Le cow-boy confronté à la baisse de ses ventes, malgré ses cent milliards de cigarettes vendues chaque année, se lance en 2014 dans le vapotage et la cigarette électronique . Un peu à la manière, jadis, d’un Mc Do lançant ses salades dans l’antre du hamburger.
Sont elles devenues folles ces grandes marques pour faire tout et son contraire ? Et souvent avec succès ! Les Phénix, symbole de longévité et de résurrection ont toujours existé. Toutes les civilisations, quasiment sans exception, ont développé le mythe du Phénix, cet oiseau légendaire, symbole de longévité parce qu’il se consume comme une cigarette et renait ensuite de ses cendres. Il est souvent rattaché au culte du soleil qui semblait aux anciens se consumer le soir pour renaître le lendemain matin. Il fut nommé « oiseau de feu », tant ce phénomène semblait volatile et flamboyant.
A la manière d’un cow-boy allumant une cigarette à la nuit tombante, que nous enseigne ce mythe ? Que tout ce qui existe doit mourir pour se réinventer. Les oiseaux surnaturels imitent le cycle solaire, les planètes, les nations, les idées se consument pour mieux se transformer, pour nous permettre de nous renouveler. C’est précisément ce que font les grandes marques, jouant tour à tour de fidélité et de rupture.
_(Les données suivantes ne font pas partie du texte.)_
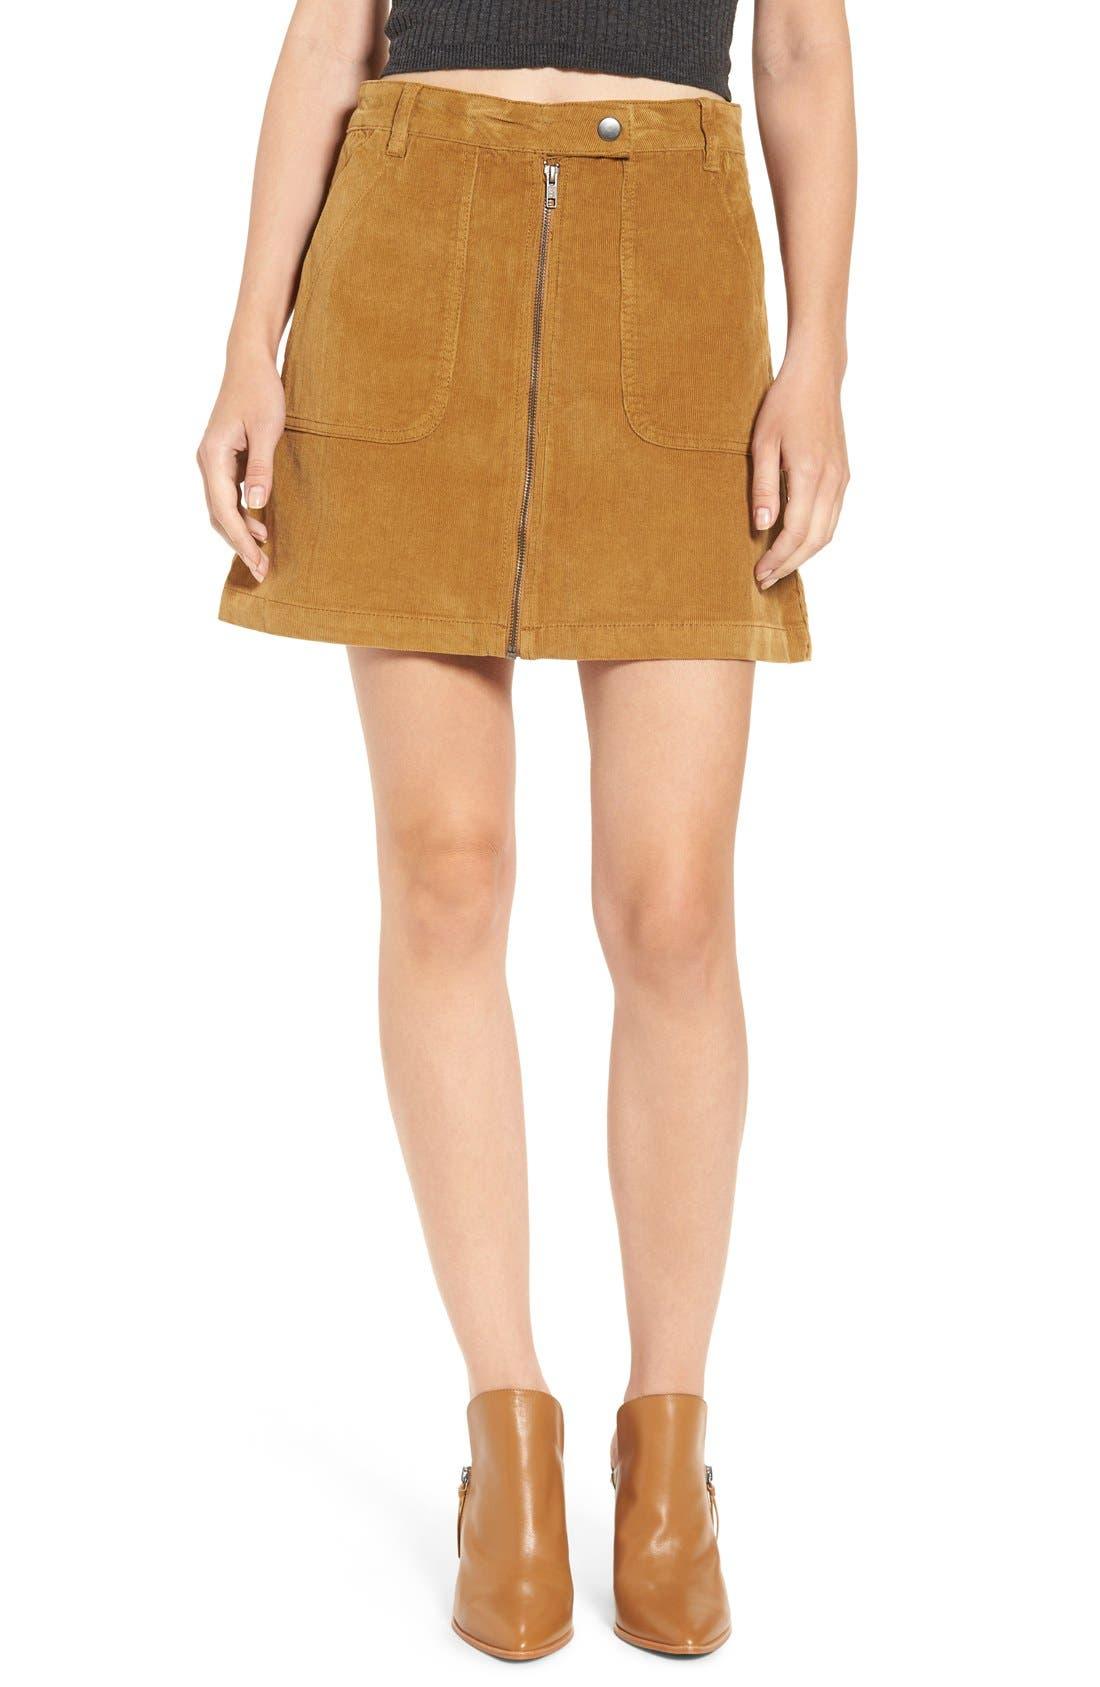 Alternate Image 1 Selected - BP. A-Line Corduroy Skirt

Marlboro, phénix et symbole de notre monde finissant en fumée
Après tous ces procès, généralement perdus, après cette réprobation, Marlboro symbole de l’addiction autorisée, du plaisir admis, c’est-à-dire d’une liberté sulfureuse passe de la fumée à la vapeur d’eau. Du proscrit au presqu’autorisé. Du partage (transgressif et nocif) à l’individu, de la plante des opiacées au technologique et quasi scientifique. Du feu à l’eau. De Marlboro à son contraire. Marque phénix, s’il en est dans ce changement stratégique, Marlboro n’en n’est pas moins le symbole de la force des marques mythiques qui brûlent sans vergogne le lendemain ce qu’elles ont adoré la veille.
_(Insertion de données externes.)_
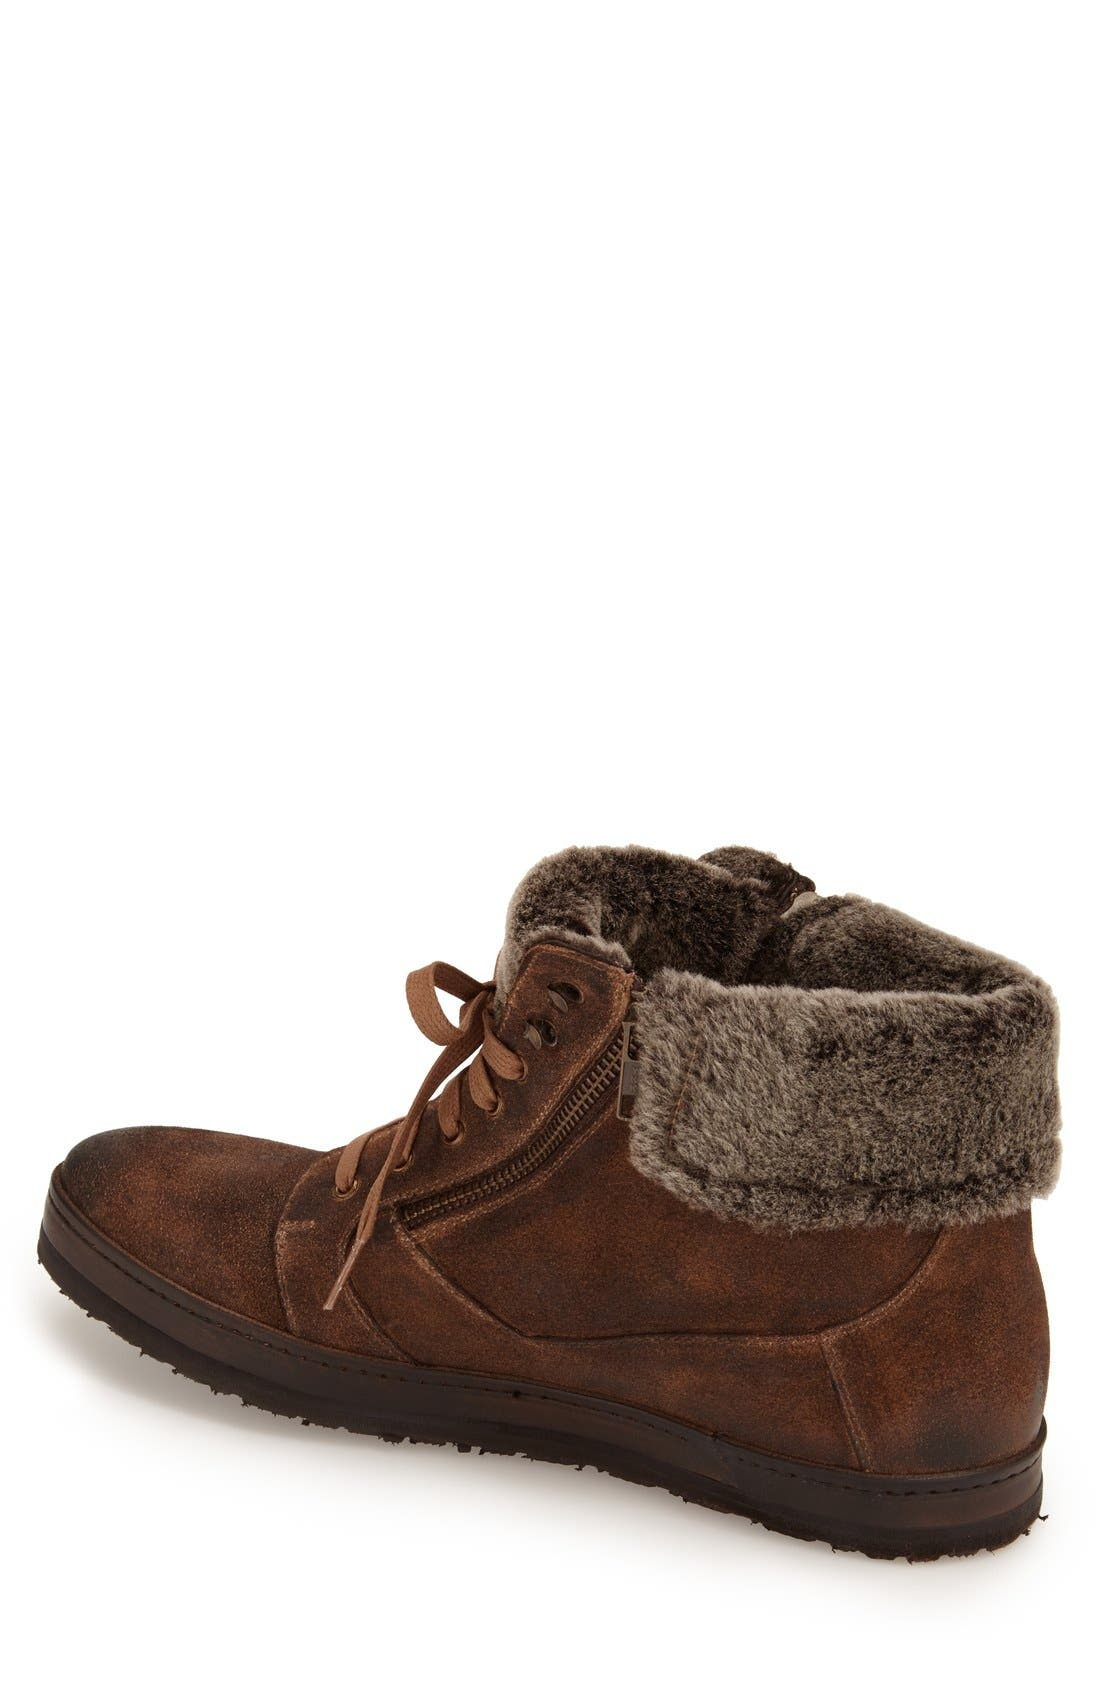 'Utrech' Sneaker Boot,                             Alternate thumbnail 2, color,                             Taupe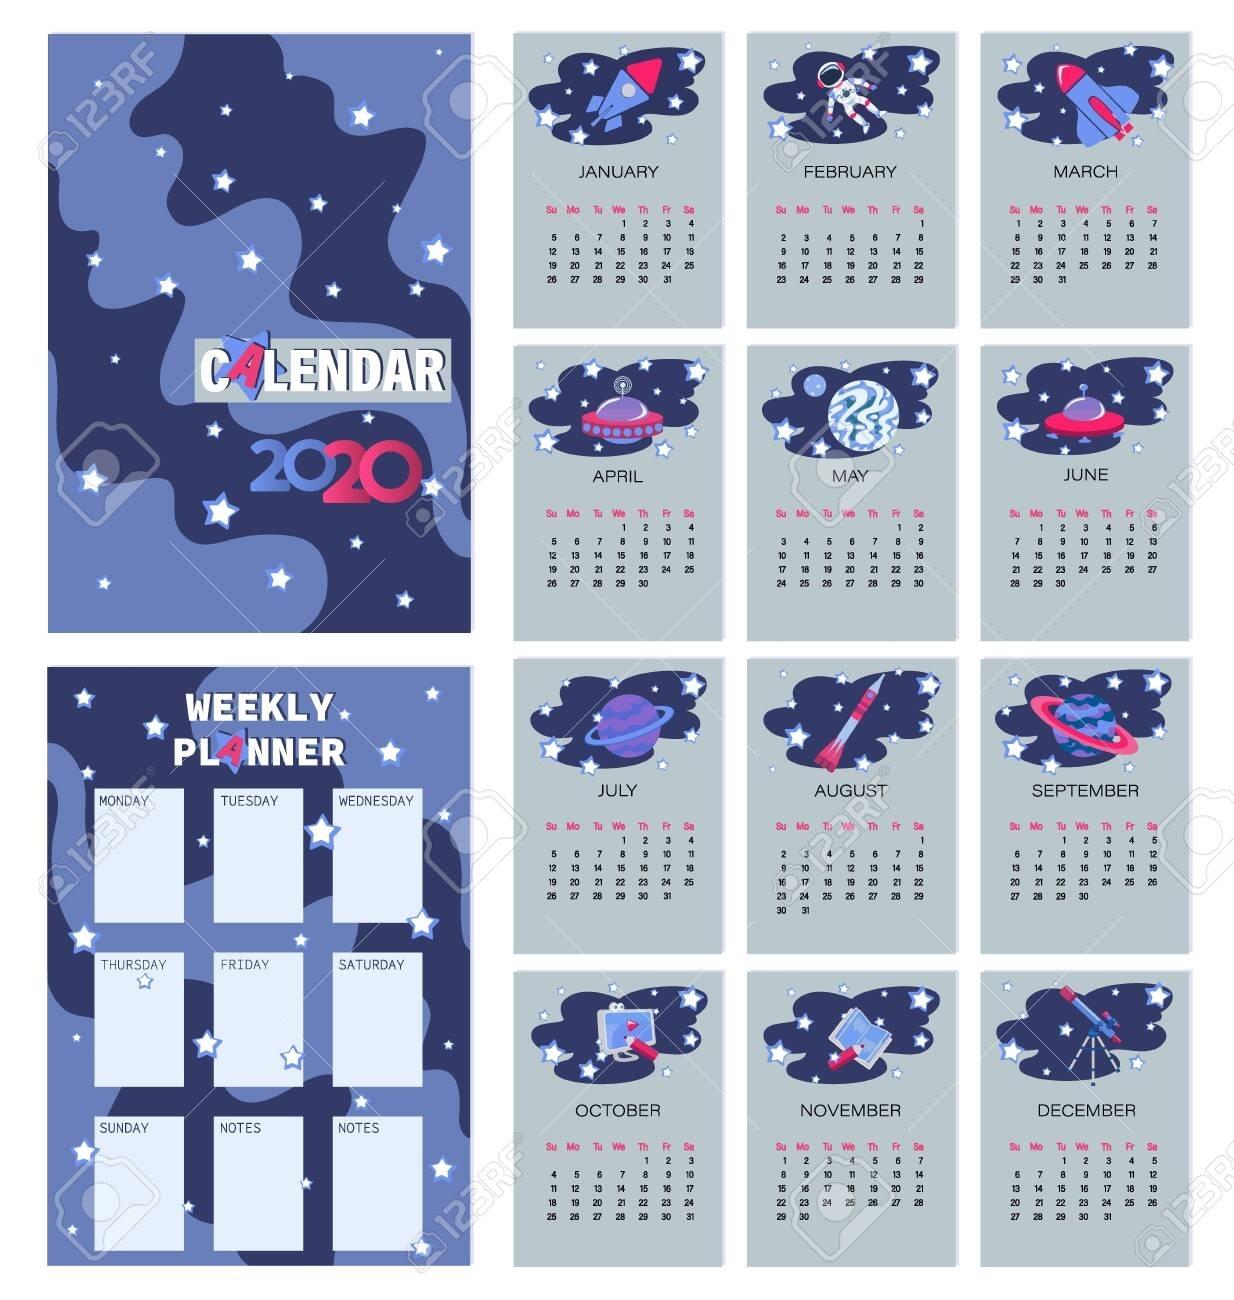 Space. Calendar Planner For 2020. Weekly Planner. The Week Starts..

Le mythe du phénix appliqué aux grandes marques
Hugo Boss s’ouvre aux femmes, McDo fait du light, Coca-cola du sans sucre, et désormais Marlboro du sans tabac. Les grandes marques, pour beaucoup, représentent nos mythes contemporains, ces histoires (auxquelles on ne croit qu’à moitié) mais qui nous permettent de trouver notre place, notre communauté. Faute de mieux, sans doute ! Elles ont la qualité de se montrer visibles et reconnaissables. Et par conséquent de nous offrir une seconde peau à peu d’efforts. Or les marques (leurs brand managers) savent que les consommateurs changent, qu’ils s’adaptent aux nouveaux mythes, celui du refus du sexisme, de l’obésité, de la maladie. Les marques tels le phénix s’adaptent et se renient si nécessaire. Et c’est tant mieux.
Notre monde est bien celui du phénix
Nous brûlons ce que nous adorions la veille. Seule la continuité obstinée est désormais une erreur. Il nous semble que tout change tout le temps. On affirme que nous-mêmes et les marques sommes contraints à nous adapter, comme un nouvel impératif catégorique, presque une nouvelle philosophie. Notre expérience est celle du phénix qui se réinvente chaque jour.
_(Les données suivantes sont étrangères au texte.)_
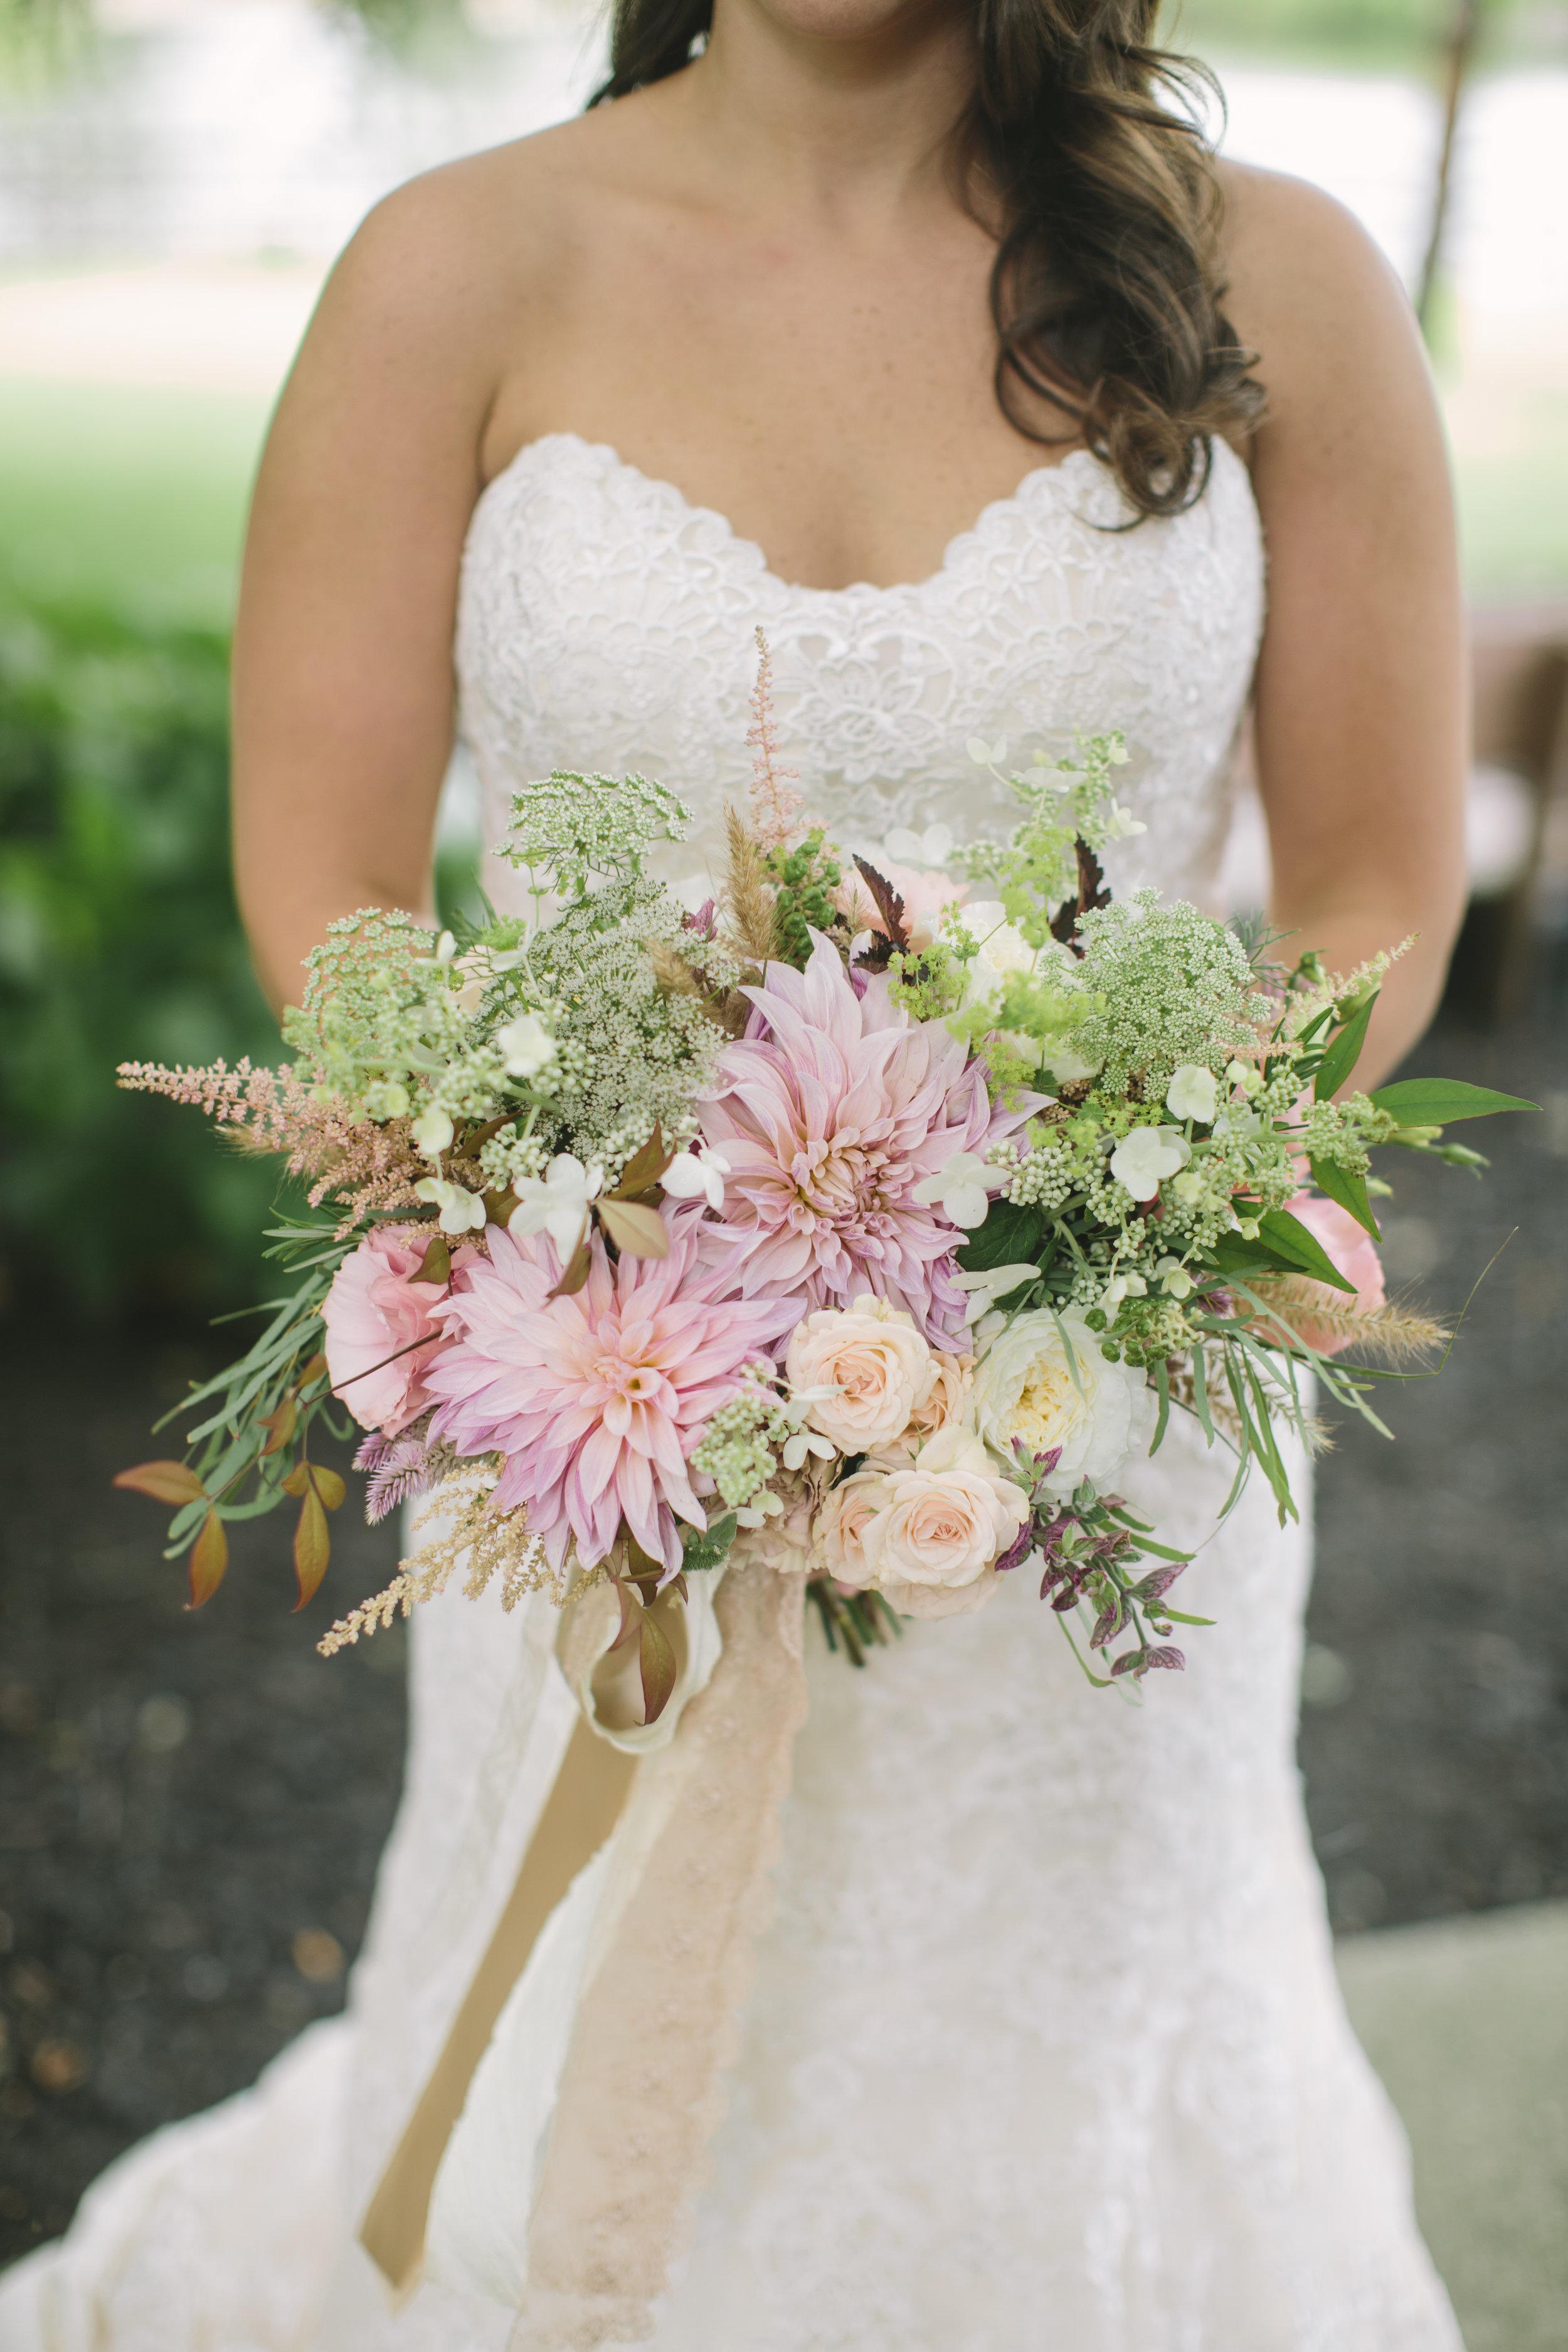 Smithville Inn Wedding, Bride Bouquet, Blush and White Bouquet, Salt Water Studios

Mais à y regarder de plus près, le « phénix renaît de ses cendres », mais à l’identique. McDo fait des salades, Coca du zéro, Marlboro du vapotage. Mais rien ne change dans le fond des positionnements, des promesses de marque et de leur storytelling : le bonheur du restaurant sans contraintes, celui de boire une boisson bien fraîche au goût impossible, ou celui du cow-boy solitaire exhalant sa fumée après une journée difficile. La modernité du mythe réside dans sa capacité à organiser les antagonismes d’aujourd’hui et à résoudre les contradictions. Les grandes marques l’ont bien compris.
Georges Lewi / @LewiGeorges
Mythologue, spécialiste des marques.